I stopped the restriction/hunger/obsession, not because I became enlightened or anything, but because the results were BAD. It was causing me to gain weight, look puffy, and feel exhausted. The harder I dieted, the sooner I experienced backlash from it and the worse the fallout. More dieting was never going to produce lean, happy, carefree, and weight stable. I tried it like seven thousand times to be sure.
You do not earn food through workouts or need a fast metabolism before you can eat adequately. It is absolutely the other way around. You eat enough first, and then you have energy to move and train, to problem solve, to be emotionally aware, to connect with people. When I was restricting and half starved all the time, I had two emotions: feeling good about not eating and feeling bad about eating. That is not living. That is a dimmed down version, made worse by the social isolation it requires.
Instead of thinking, "I could never eat that much because I'm not that active," when you see, fit, active women training hard and eating plenty, know that the eating came first. Otherwise they wouldn't have the energy for that lifestyle.

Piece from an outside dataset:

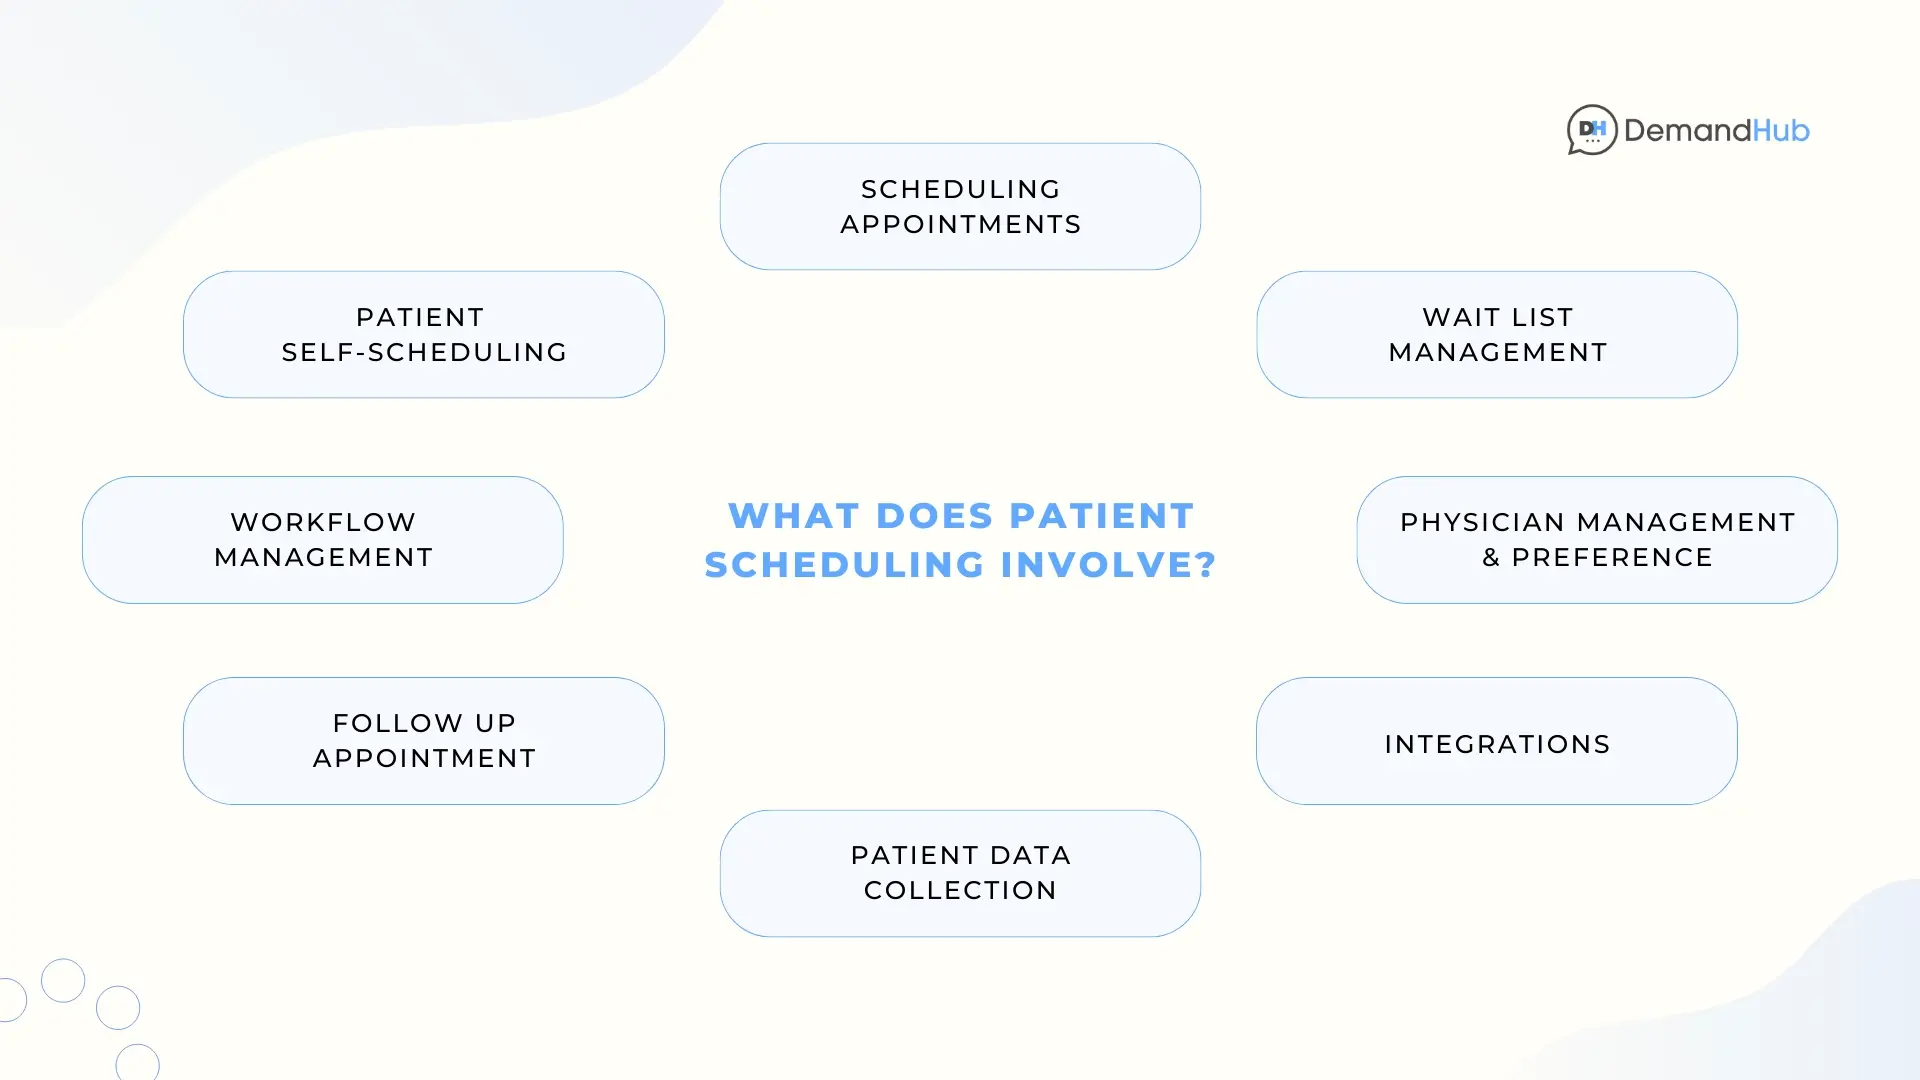 What Does Patient Scheduling Involve?

I look at it like eating enough gives me the energy to live the active, healthy, energetic way I choose, even if I'm not interested in spending an hour at the gym pulling sleds and flipping tires.
Delayed thought. I just watched the Natacha Océane video where she talks about eating 2,500+ calories per day, prioritizing sleep, and training for muscle.
How I Got Lean on 2500+ Calories
One of the things she mentioned when talking about metabolism is something almost nobody mentions. The heavier you are, the more calories you burn. When people underfeed themselves to lose scale weight at all costs, their workout suck, everything feels harder, they can't put forth as much physical effort and don't expend as much energy, even though training feels super intense. So, training is a grind, but you're not actually accomplishing much, and you get lighter, and your metabolism gets slower. Woooooh!
If you're getting stronger and eating enough food to fuel an active life, you may actually get heavier on the scale, your metabolism gets faster, your body looks leaner, but scale weight is not going down, and that's good.